Cornelia Wels-Maug of Creative Intellect Consulting looks at how the US government is attempting to find an answer to the challenge of using patient generated health data.
To counterbalance the foreseeable explosion of healthcare costs, reducing the length of hospitalisation─whilst minimising the risk of readmission─ and incentivising prevention are seen as suitable measures to deliver care that is at the same time more cost efficient, improves patient outcomes and ensure a greater self-determination of the individual. Both concepts expand the radius of care to places outside the walls of the traditional medical institutions into the world of consumers.
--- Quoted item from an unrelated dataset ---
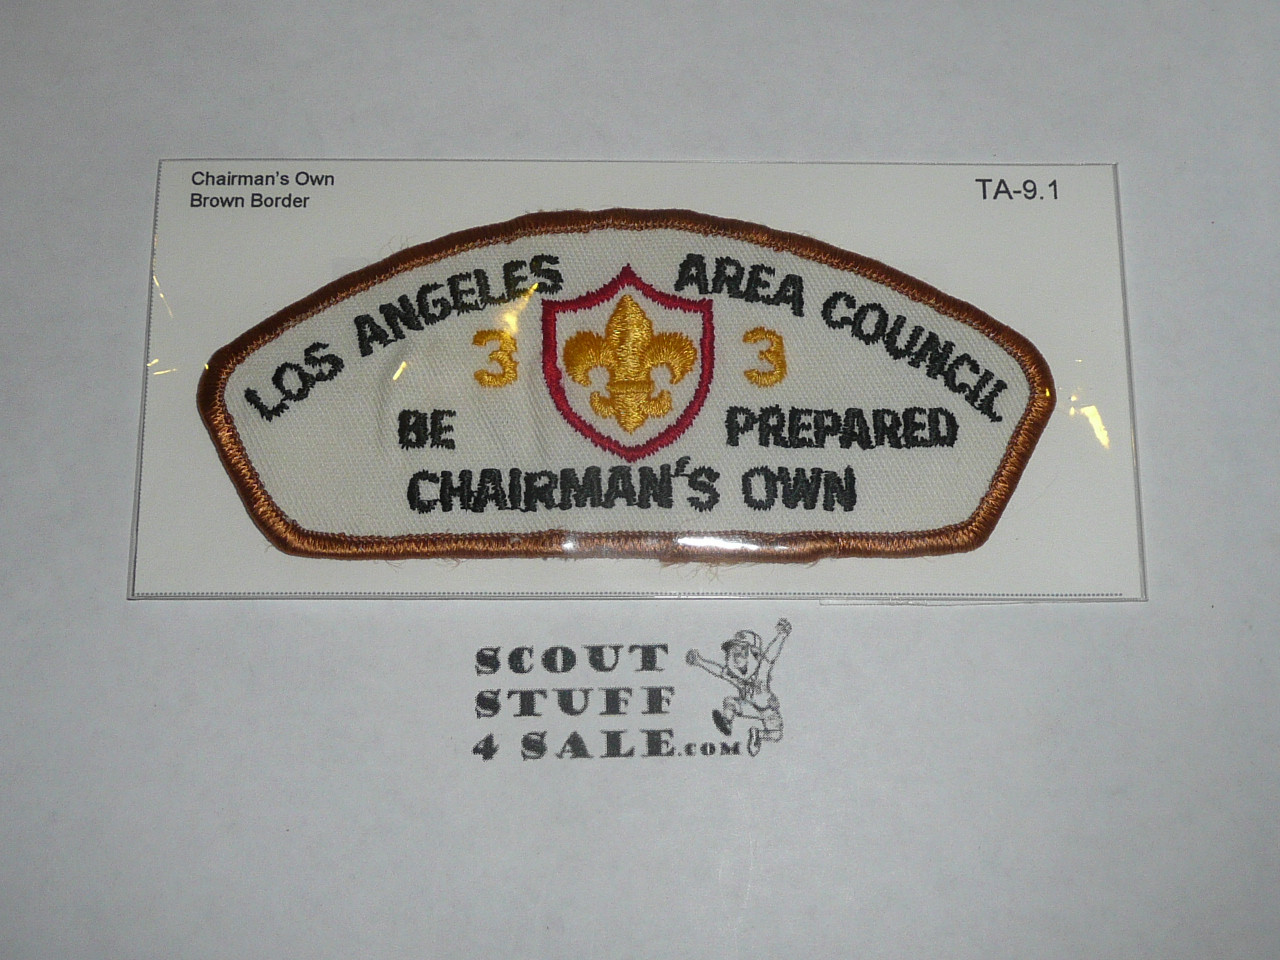 Los Angeles Area Council ta9:1 CSP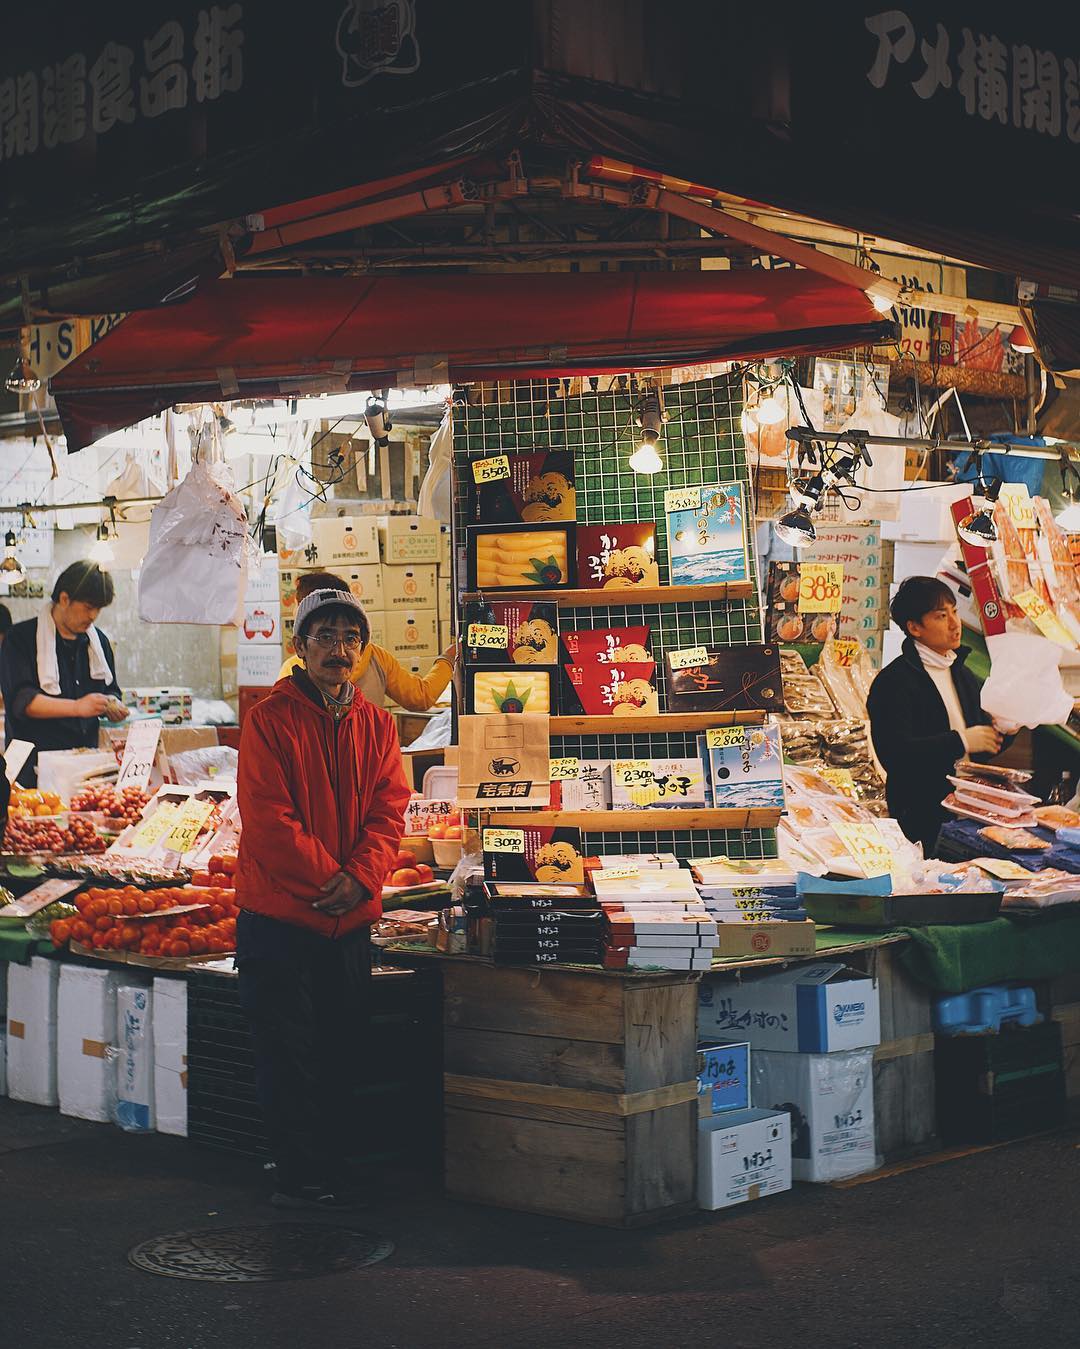 Le marché d'Ameyoko grouille de vie, vestige du Tokyo populaire

Monitoring is seen as a potentially very suitable/powerful means to address those challenges; it can take the form of remote patient monitoring and, increasingly so, of consumer self-tracking. However, a major challenge associated with this has been to determine how the collected personal data generated by a large variety of sources including apps and clinical home devices, be transferred securely into EHRs or clinical dashboards so that the information is available for care-givers? Only when this can be achieved, can the date generated by patients and consumers be leveraged to improve patient outcomes and also research.
As this is a pressing matter, there are many attempts and initiatives on industry and government side to resolve this. In the US, the Office of the National Coordination for Health Information Technology (ONC) has commissioned Accenture to help creating a framework for collecting health data generated by patients that then can be used for clinical care and research purposes.
As part of this brief, Accenture involved Sutter Health, a 24-hospital-chain in California, and Validic─developer of a digital health platform─ to identify the impediments to the wider use of personal health data in healthcare and research. These two companies just announced their collaboration on 19 October 2016.
They will team up to enable patients with type 2 diabetes to collect data compiled from different non-connected devices and transfer it in real-time to EHRs and other health information systems. For this, patients use Sutter’s app in conjunction with Validic’s digital health platform. It will be interesting to learn, which impediments they will come across and how they will tackle them and which lessons can be learned.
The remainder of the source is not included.